Stored items:

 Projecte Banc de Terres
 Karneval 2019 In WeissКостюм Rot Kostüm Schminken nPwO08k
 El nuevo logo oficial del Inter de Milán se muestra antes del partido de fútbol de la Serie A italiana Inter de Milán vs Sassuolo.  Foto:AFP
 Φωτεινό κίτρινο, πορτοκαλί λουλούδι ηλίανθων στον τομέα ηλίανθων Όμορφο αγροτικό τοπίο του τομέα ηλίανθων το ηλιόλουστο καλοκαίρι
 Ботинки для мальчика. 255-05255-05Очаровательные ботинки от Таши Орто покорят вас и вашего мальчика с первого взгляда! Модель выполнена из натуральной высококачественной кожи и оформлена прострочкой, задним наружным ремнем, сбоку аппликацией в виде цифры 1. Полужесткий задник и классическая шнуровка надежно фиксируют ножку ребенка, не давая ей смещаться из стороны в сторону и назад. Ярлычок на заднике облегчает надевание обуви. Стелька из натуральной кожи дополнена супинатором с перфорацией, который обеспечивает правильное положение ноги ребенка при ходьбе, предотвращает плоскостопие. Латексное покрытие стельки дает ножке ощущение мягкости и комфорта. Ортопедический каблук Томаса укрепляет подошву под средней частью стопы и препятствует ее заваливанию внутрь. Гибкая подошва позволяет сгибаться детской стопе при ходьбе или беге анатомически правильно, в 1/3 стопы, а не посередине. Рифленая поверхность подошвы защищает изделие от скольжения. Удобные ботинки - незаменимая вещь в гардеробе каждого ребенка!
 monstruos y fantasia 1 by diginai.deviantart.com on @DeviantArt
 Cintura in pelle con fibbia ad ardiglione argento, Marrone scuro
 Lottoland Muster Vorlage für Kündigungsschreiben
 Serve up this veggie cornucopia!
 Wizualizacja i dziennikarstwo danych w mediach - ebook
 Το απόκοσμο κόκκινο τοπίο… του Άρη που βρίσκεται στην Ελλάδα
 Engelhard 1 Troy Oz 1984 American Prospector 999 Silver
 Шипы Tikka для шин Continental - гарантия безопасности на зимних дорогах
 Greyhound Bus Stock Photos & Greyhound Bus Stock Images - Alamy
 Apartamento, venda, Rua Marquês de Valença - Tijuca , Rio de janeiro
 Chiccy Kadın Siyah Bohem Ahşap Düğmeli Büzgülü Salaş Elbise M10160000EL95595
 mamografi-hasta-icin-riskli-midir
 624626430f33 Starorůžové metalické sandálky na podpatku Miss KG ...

# WORK INSTRUCTIONS:
For each line of the data that has the word "τοπίο", report that line.

# RESULT BELOW:
 Φωτεινό κίτρινο, πορτοκαλί λουλούδι ηλίανθων στον τομέα ηλίανθων Όμορφο αγροτικό τοπίο του τομέα ηλίανθων το ηλιόλουστο καλοκαίρι
 Το απόκοσμο κόκκινο τοπίο… του Άρη που βρίσκεται στην Ελλάδα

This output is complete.